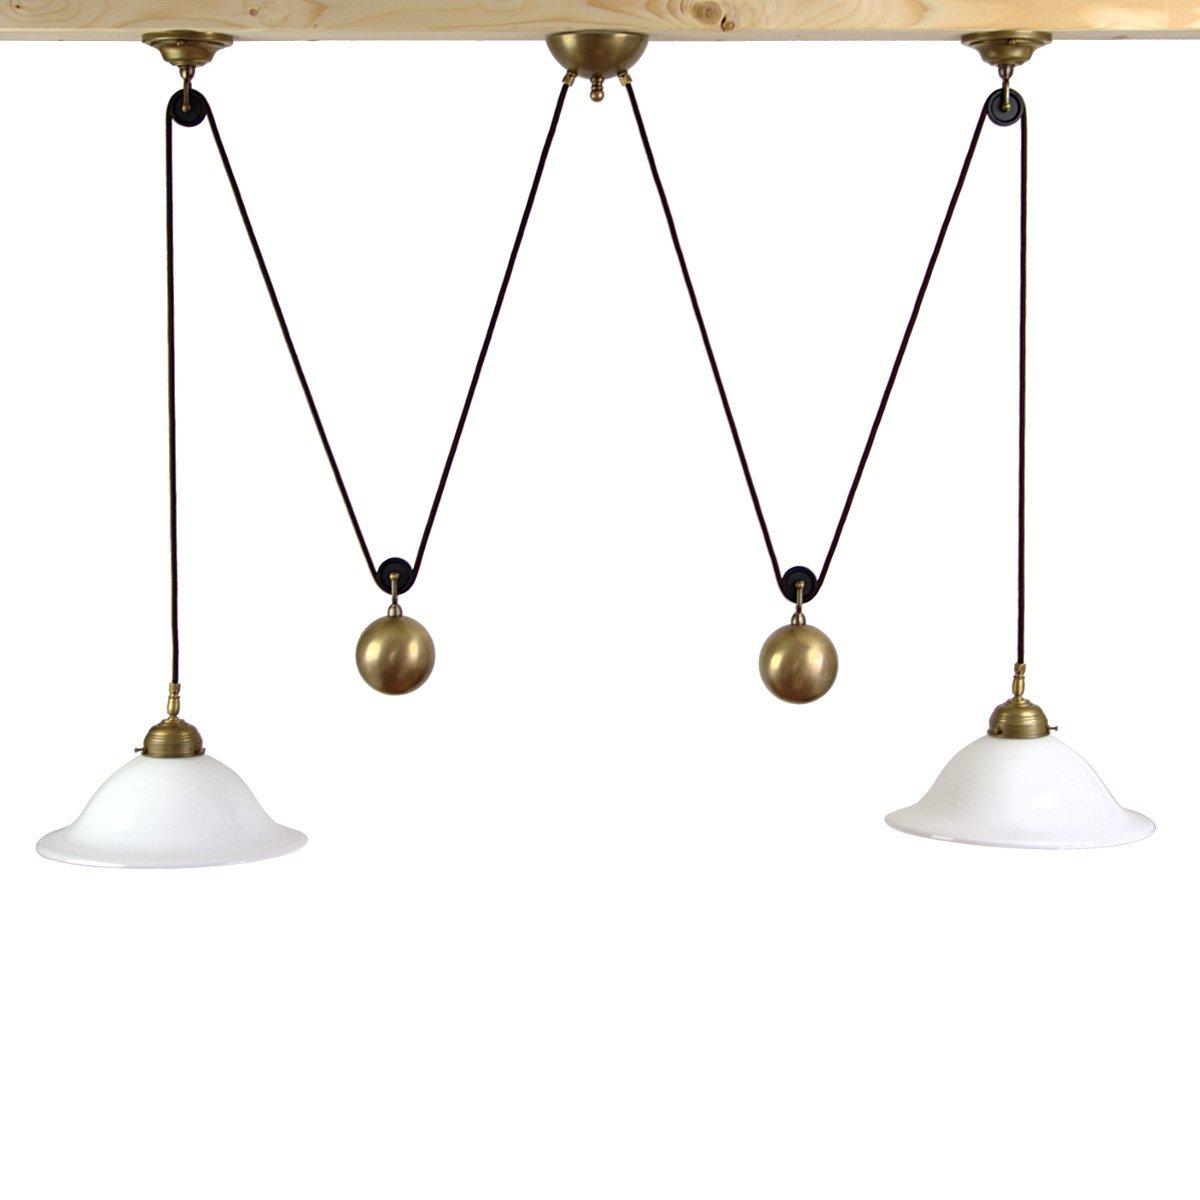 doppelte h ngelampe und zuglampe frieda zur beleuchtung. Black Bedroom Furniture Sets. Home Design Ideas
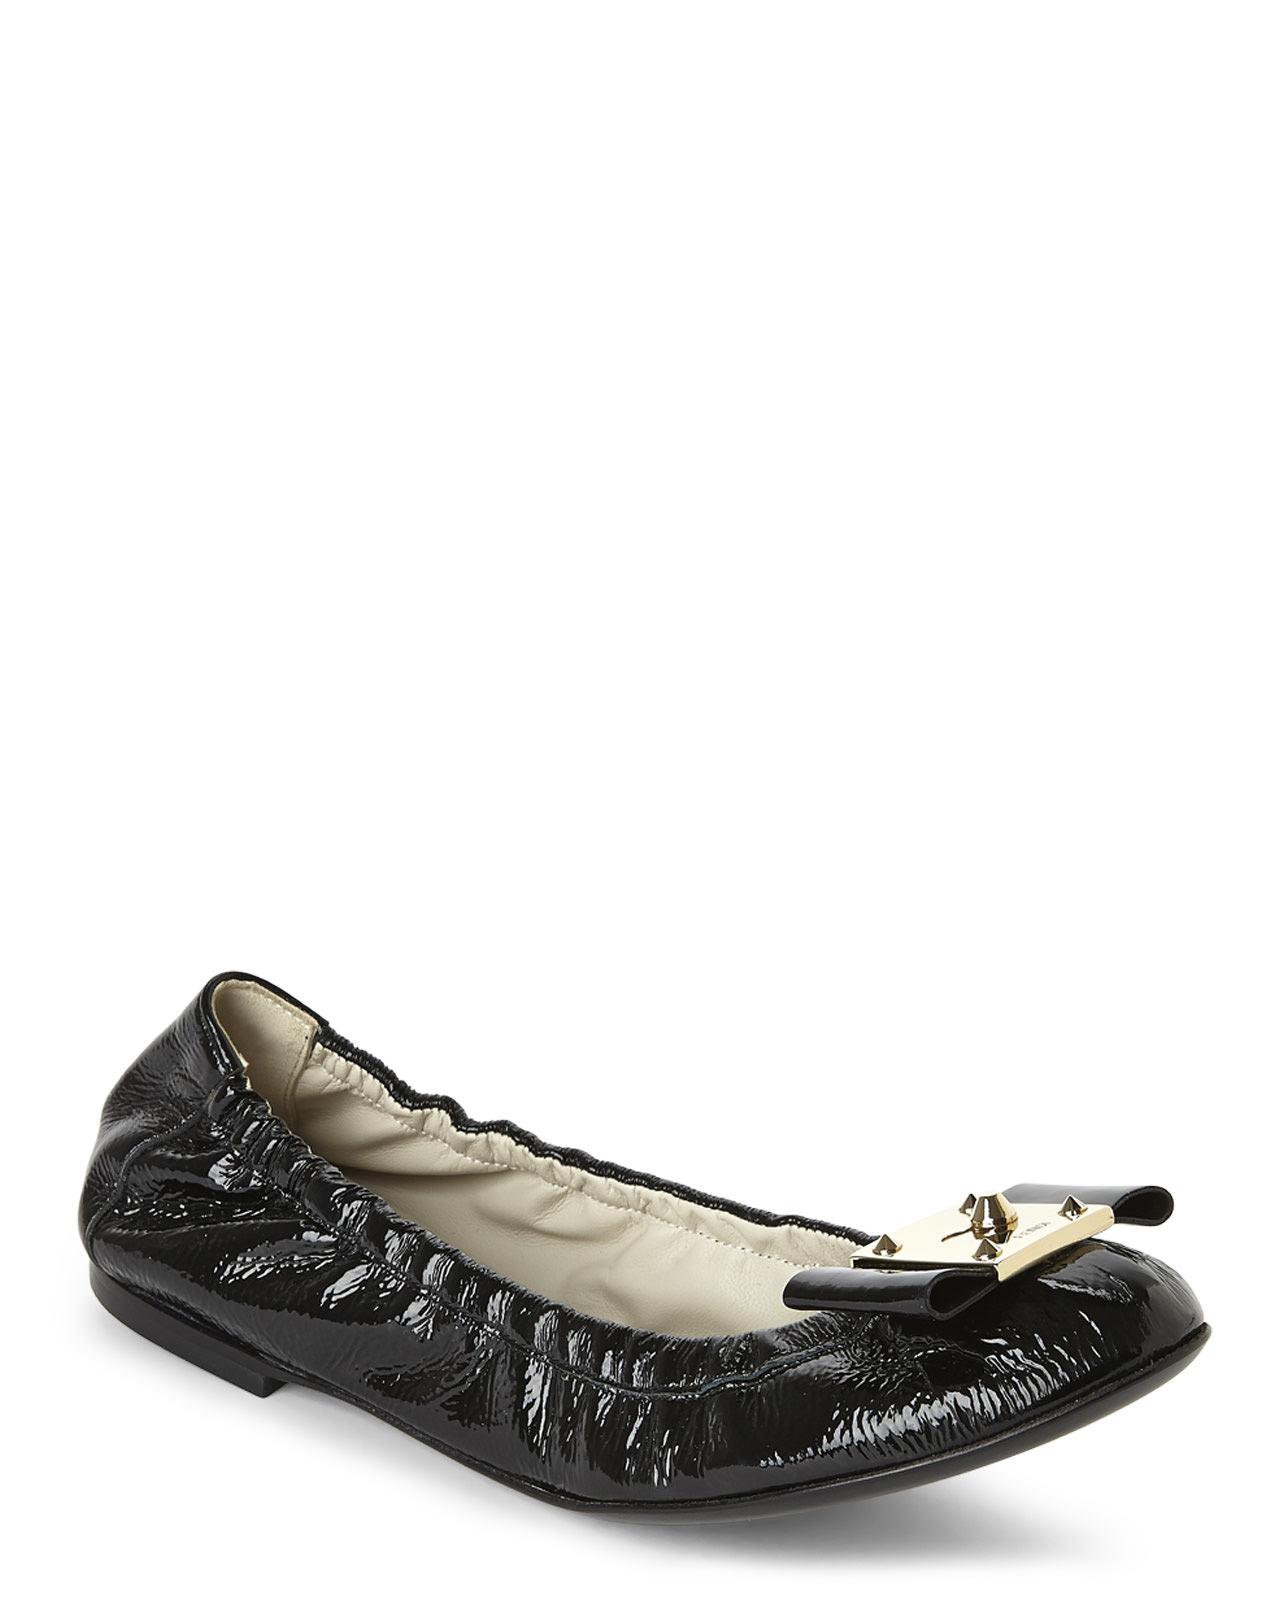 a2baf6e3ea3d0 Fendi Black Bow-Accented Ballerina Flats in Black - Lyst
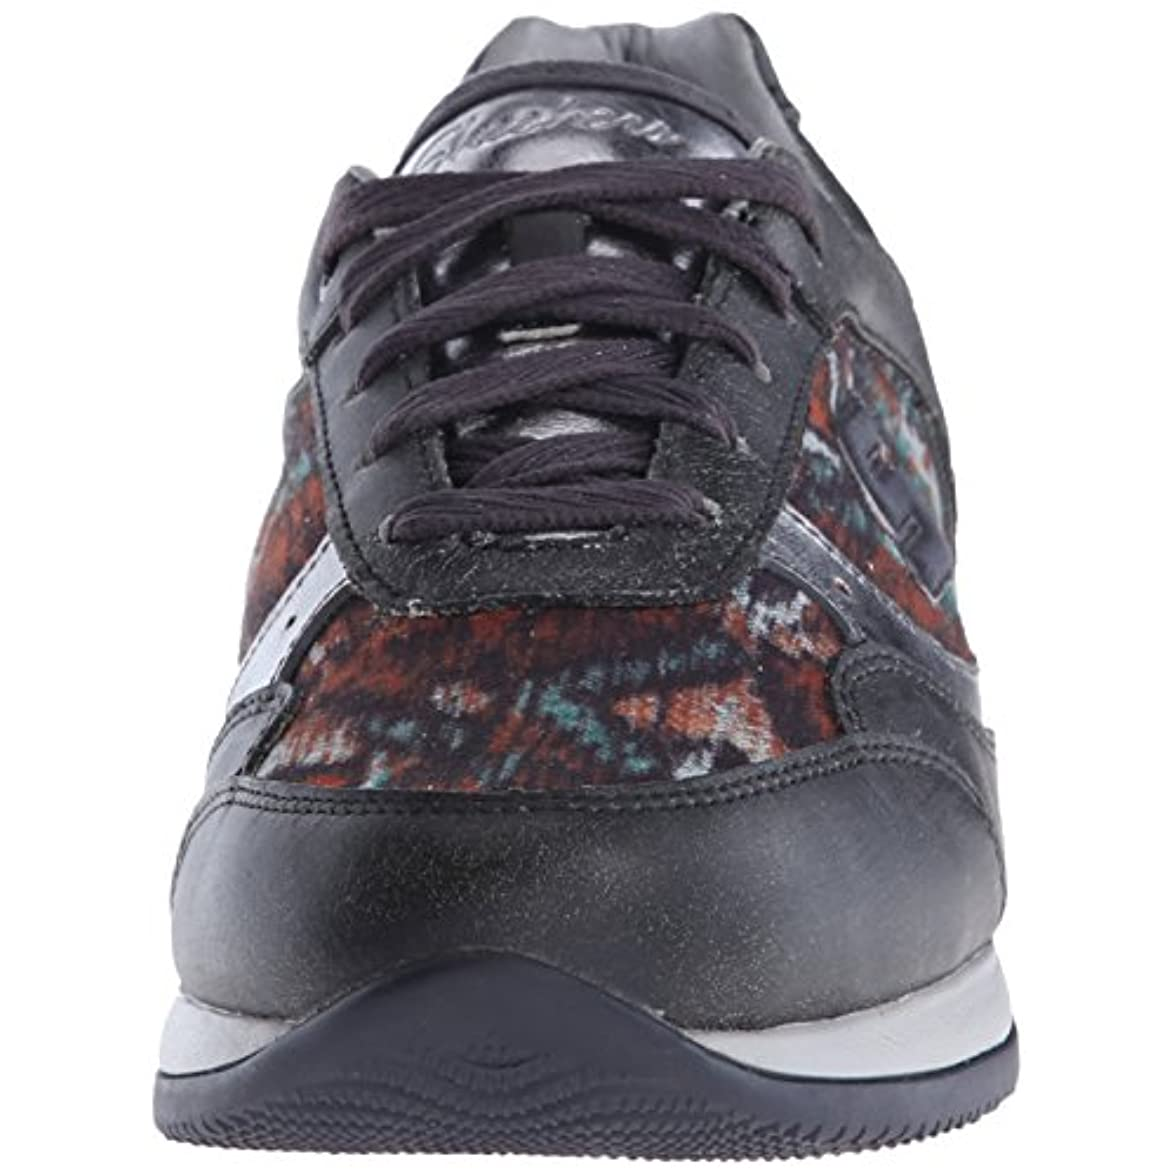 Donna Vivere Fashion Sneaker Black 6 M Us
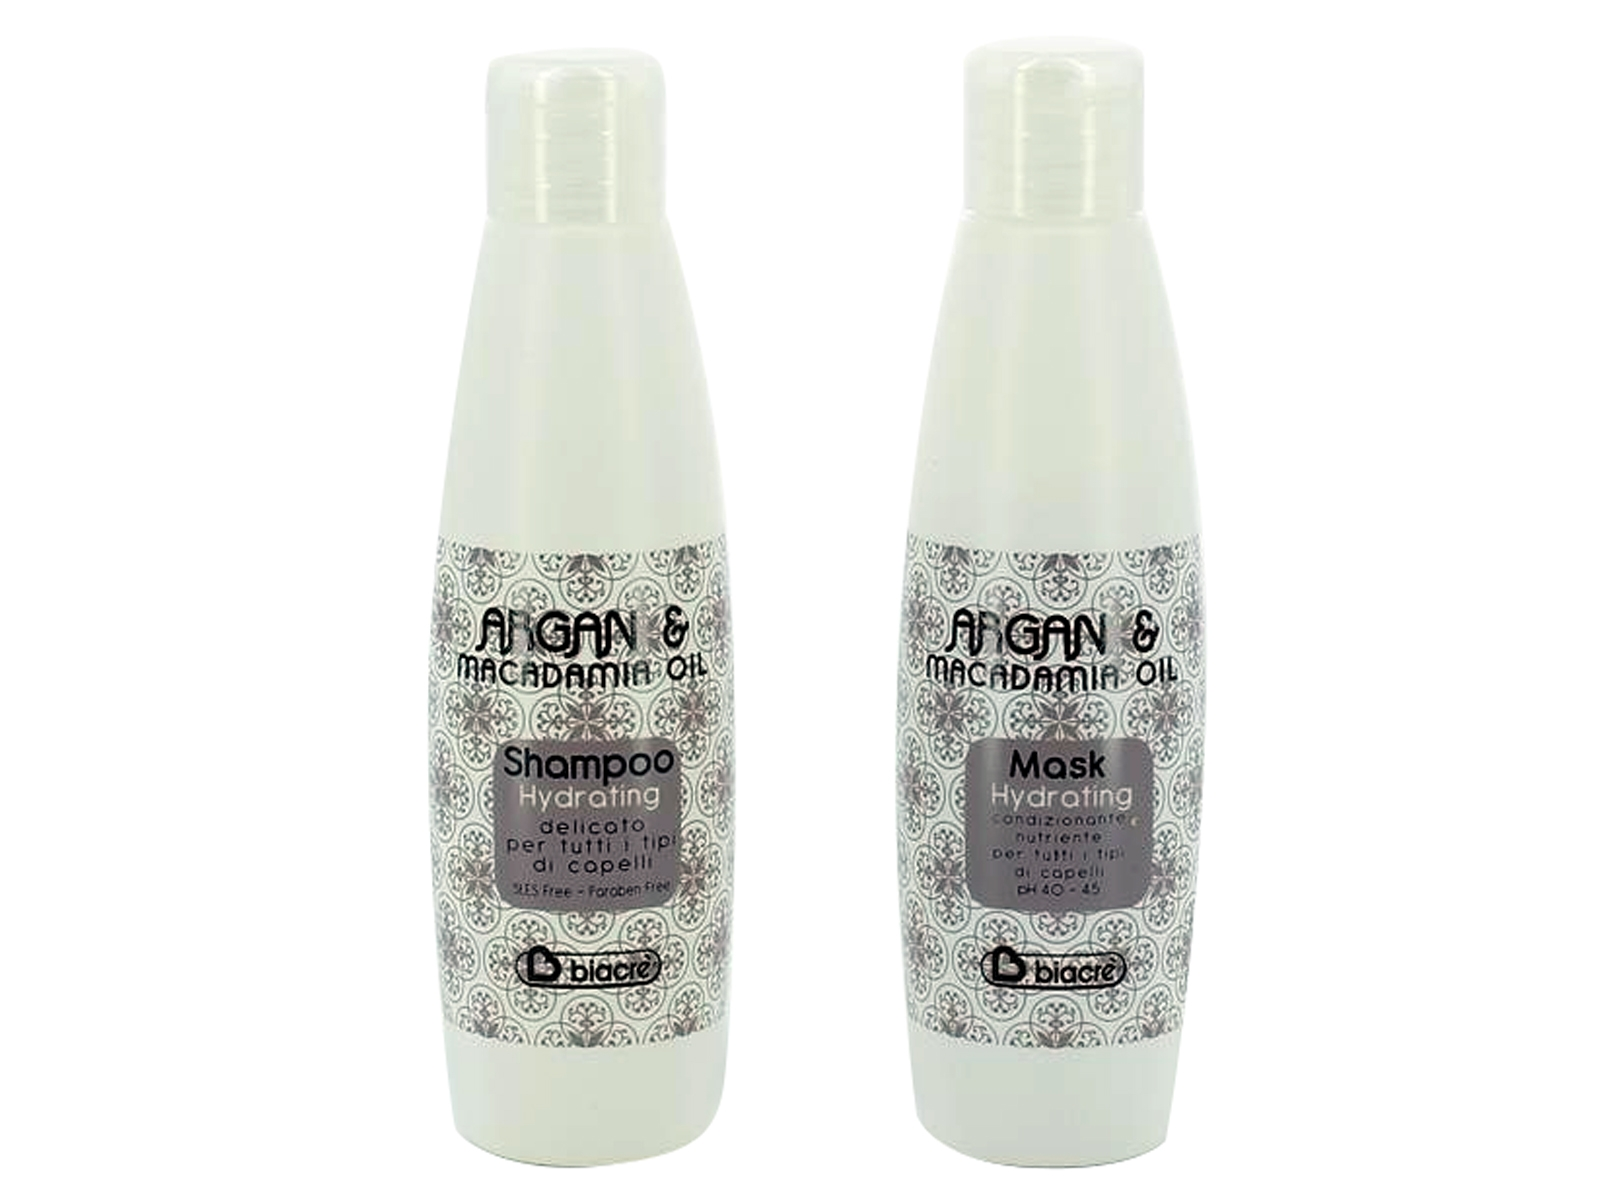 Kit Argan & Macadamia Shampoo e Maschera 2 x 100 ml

..............................

> **What needs to be done**: Your task is to reproduce exactly the lines from the one with "Donna Vivere Fashion Sneaker Black 6 M Us" to the end of the material, both included, with the pictures left out.

> **Answer for this exercise**:
 Donna Vivere Fashion Sneaker Black 6 M Us
 Kit Argan & Macadamia Shampoo e Maschera 2 x 100 ml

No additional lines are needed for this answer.